2-3 packs of fresh, rehydrated as per instructions would see you right. 8 packets is indeed nuts.

When I used dried, I'd happily use one, unrehydrated pack in 20 L of 1050 and I'll say I never had a problem but I know that is about as scientific as a hatbox.


----------



## dammag (1/4/15)

I always thought that it was 20 billion cells per gram but the website does say 6 billion.


----------



## danestead (2/4/15)

You sure the website doesnt say minimum 6b per gram?


----------



## fraser_john (2/4/15)

manticle said:


> 2-3 packs of fresh, rehydrated as per instructions would see you right. 8 packets is indeed nuts.
> 
> When I used dried, I'd happily use one, unrehydrated pack in 20 L of 1050 and I'll say I never had a problem but I know that is about as scientific as a hatbox.

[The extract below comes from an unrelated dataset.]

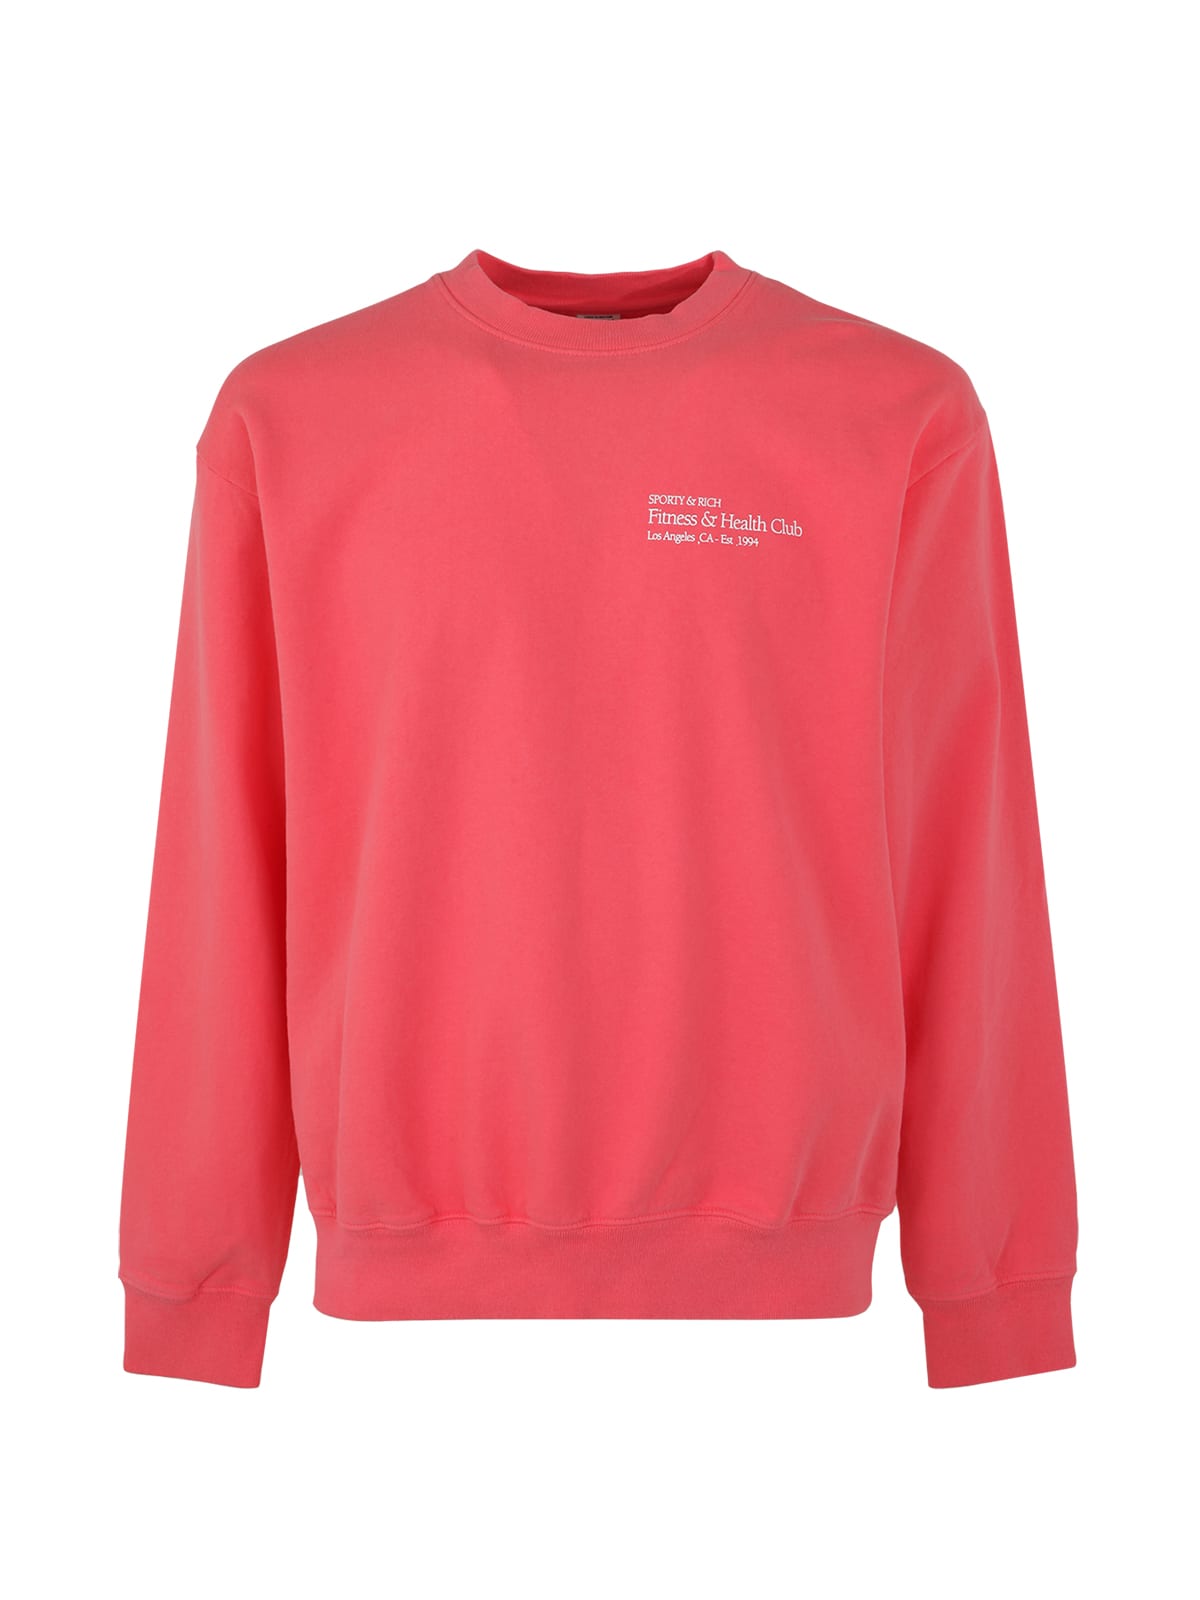 Sporty & Rich Fitness And Health Club Crewneck

Manticle is correct, 3 packets rehydrated would be good, a little under, but should be fine. The best calculator to use is http://www.brewersfriend.com/yeast-pitch-rate-and-starter-calculator/ as it allows you to enter the cell density of dry yeast as part of the calculation.


----------



## Spookhud (2/4/15)

So I put my requirements into Brewers friend 45litres of 1064 wort comes back the same 88g 1 billion under required amount 8 packets??? I'm looking at this because I've started using liquid yeast with starters and the correct cell count and I now need almost twice the head space to what I needed with rehydrated dry and want to know can I achieve this with the dry cheaper is it all about the cell count


----------



## Spiesy (2/4/15)

Spookhud said:


> So I put my requirements into Brewers friend 45litres of 1064 wort comes back the same 88g 1 billion under required amount 8 packets??? I'm looking at this because I've started using liquid yeast with starters and the correct cell count and I now need almost twice the head space to what I needed with rehydrated dry and want to know can I achieve this with the dry cheaper is it all about the cell count


Yeastcalc.co says you'd need 700 billion cells. You've got a 2.25x batch, at high OG. So yeah, 10-packs. That's pretty insane.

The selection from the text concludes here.